First, we map every property from our domain object that is necessary to be revealed. Next, we serialize the DTO and send it through a transport layer.

This process becomes more complicated when it comes to value objects. For instance, if our value object consists solely of a primitive value, we should ensure that we appropriately map it to a primitive type during serialization. Let’s consider this with the EmailAddressConverter class:

public class User
{
    public EmailAddress EmailAddress { get; private set; }

    public User(EmailAddress emailAddress)
    {
        EmailAddress = emailAddress;
    }
}

public record EmailAddress(string Address); //validation omitted for brevity

public class EmailAddressConverter : System.Text.Json.Serialization.JsonConverter<EmailAddress>
{
    public override EmailAddress? Read(ref Utf8JsonReader reader,
        Type typeToConvert,
        JsonSerializerOptions options)
    {
        var address = reader.GetString();
        if (string.IsNullOrEmpty(address))
            return null;
        return new(address);
    }

    public override void Write(Utf8JsonWriter writer,
        EmailAddress value,
        JsonSerializerOptions options)
    {
        writer.WriteStringValue(value.Address);
    }
}

First, we declare a User entity with an EmailAddress value object.

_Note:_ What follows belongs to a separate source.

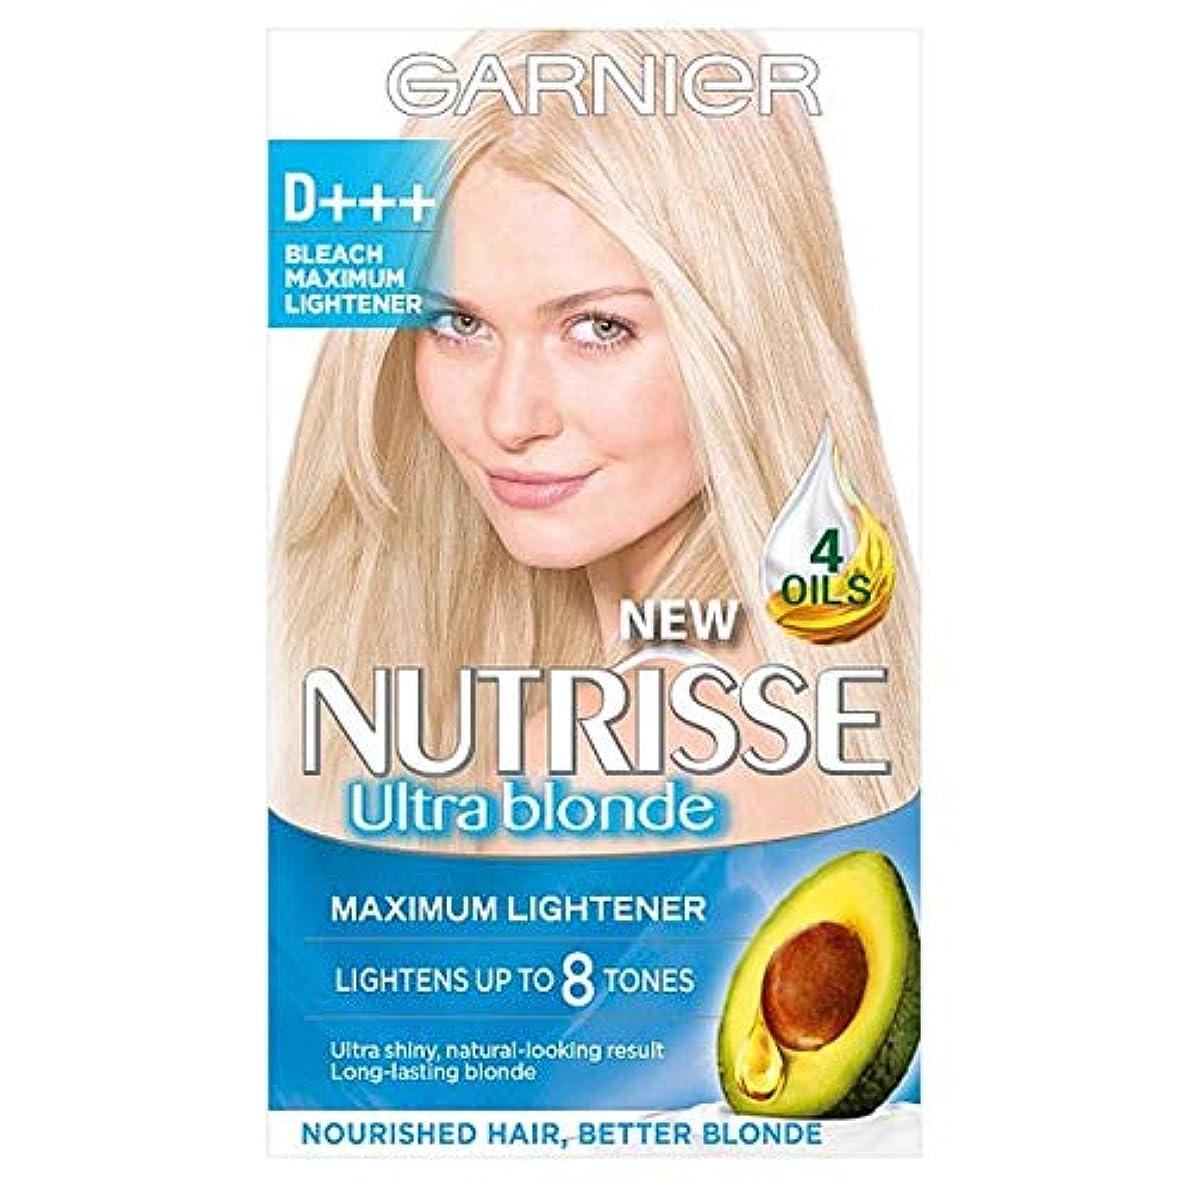 ひばりパケット処分した[Garnier] ガルニエNutrisse D +++ Blchライトナーパーマネントヘアダイ - Garnier Nutrisse D+++ Blch Lightener Permanent Hair Dye [並行輸入品]

Next, we create a custom JsonConverter class that we add to the JsonSerializerOptions to make serialization work effectively and not create a child object just for one property of the value object.

We implement both the Read() and Write() methods of the JsonConverter class in a way to only write the value of Address into the serialized JSON and when reading, create the EmailAddress value object from it.

Let’s implement some tests so we can acknowledge that the solution works:

[Test]
public void GivenAUserWithEmailAddressObject_WhenUsingEmailAddressConverter_ThenCanSerializeItIntoString()
{
    var user = new User(new("[email protected]"));
    var settings = new JsonSerializerOptions {Converters = {new EmailAddressConverter()}};
    var json = JsonSerializer.Serialize(user, settings);
    
    const string expectedJson = "{\"EmailAddress\":\"[email protected]\"}";
    Assert.That(json, Is.EqualTo(expectedJson));
}

[Test]
public void GivenAUserWithEmailAddressJson_WhenUsingEmailAddressConverter_ThenCanDeserializeItIntoUser()
{
    const string json = "{\"EmailAddress\":\"[email protected]\"}";

    var settings = new JsonSerializerOptions {Converters = {new EmailAddressConverter()}};
    var user = JsonSerializer.Deserialize<User>(json, settings);
    
    Assert.That(user, Is.Not.Null);
    Assert.That(user!.EmailAddress, Is.Not.Null);
    Assert.That(user.EmailAddress.Address, Is.EqualTo("[email protected]"));
}

In the first test, we start by instantiating a User with an EmailAddress and configuring the JsonSerializer by creating an EmailAddressConverter and adding it to the JsonSerializerOptions class. Then we serialize the User and check whether the resulting JSON contains the email address as a string.

In the second test, we declare the same JSON as we expected to be the result in the first test. Then we create the same settings for the JsonSerlializer and deserialize the JSON. After that, we check the resulting User and compare the EmailAddress.Address property to our expected email.

Conclusion

In this article, we have explored the concept of value objects, understanding their definition, benefits, drawbacks, and appropriate usage scenarios. As a closing thought, it’s important to emphasize the importance of thoughtful decision-making, and how important it is to consider whether, in a specific situation, the advantages of implementing any architectural pattern outweigh their drawbacks.